Chief Master Sergeant, USAF
All supervisors incur a responsibility for counseling, conducting feedback, and documenting performance. The techniques taught in this book directly apply to all of these applications.
The Magic of Bullet Writing saves time by reducing edit and review work by half or more. Productivity increases because backlogged reports are transferred off your desk. Nevertheless, there is more! It also makes your employees more productive because they'll compose reports correctly the first time. The vicious cycle of reports going back and forth ends.

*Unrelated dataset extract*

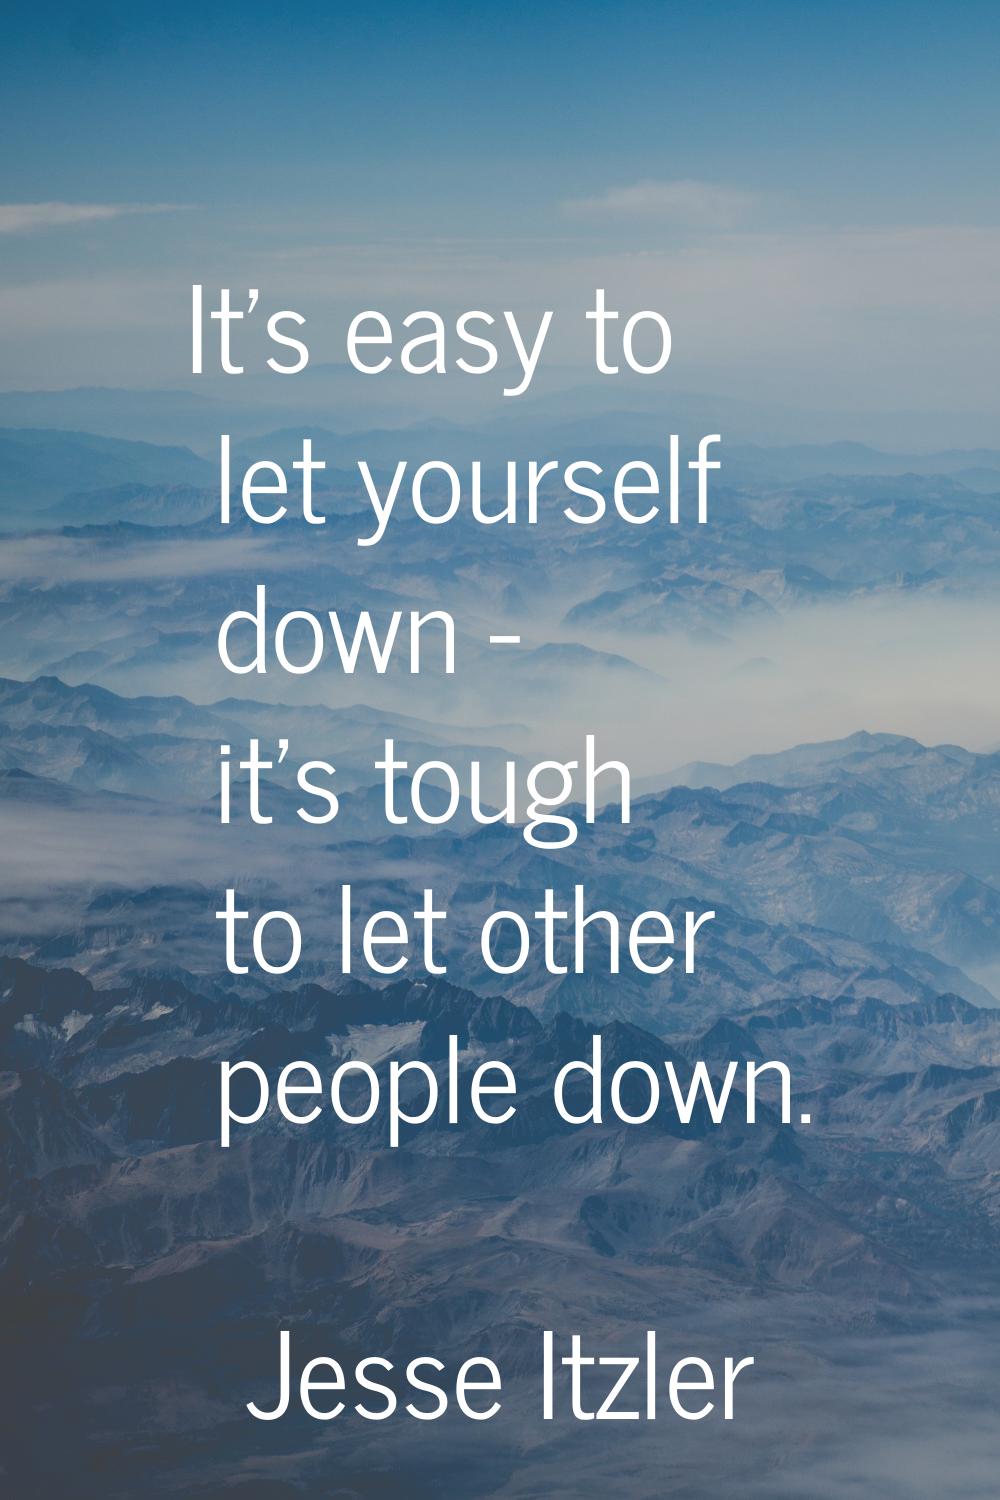 It's easy to let yourself down - it's tough to let other people down.

Throughout a long career, you tend to learn a trick or two. At times, a mentor or supervisor shares tricks of the trade. Regrettably, we often learn from the school of hard knocks. Fortunately, every once in a while, a bit of luck comes your way.
Whether you are an accomplished writer or a novice, you will see the merit in the approach. This book does not teach how to write a bullet. It teaches how to write a powerful bullet. It unlocks a secret that has benefited thousands. Now I trust that it will benefit you.
As you begin, I would like to point out a unique aspect of the book. Brown Bag Notes are in each chapter. These provide a useful setup to facilitate mentoring sessions.
I am grateful for contributing to a system that has enlightened so many and provided such a return on investment. Please enjoy the book in its entirety.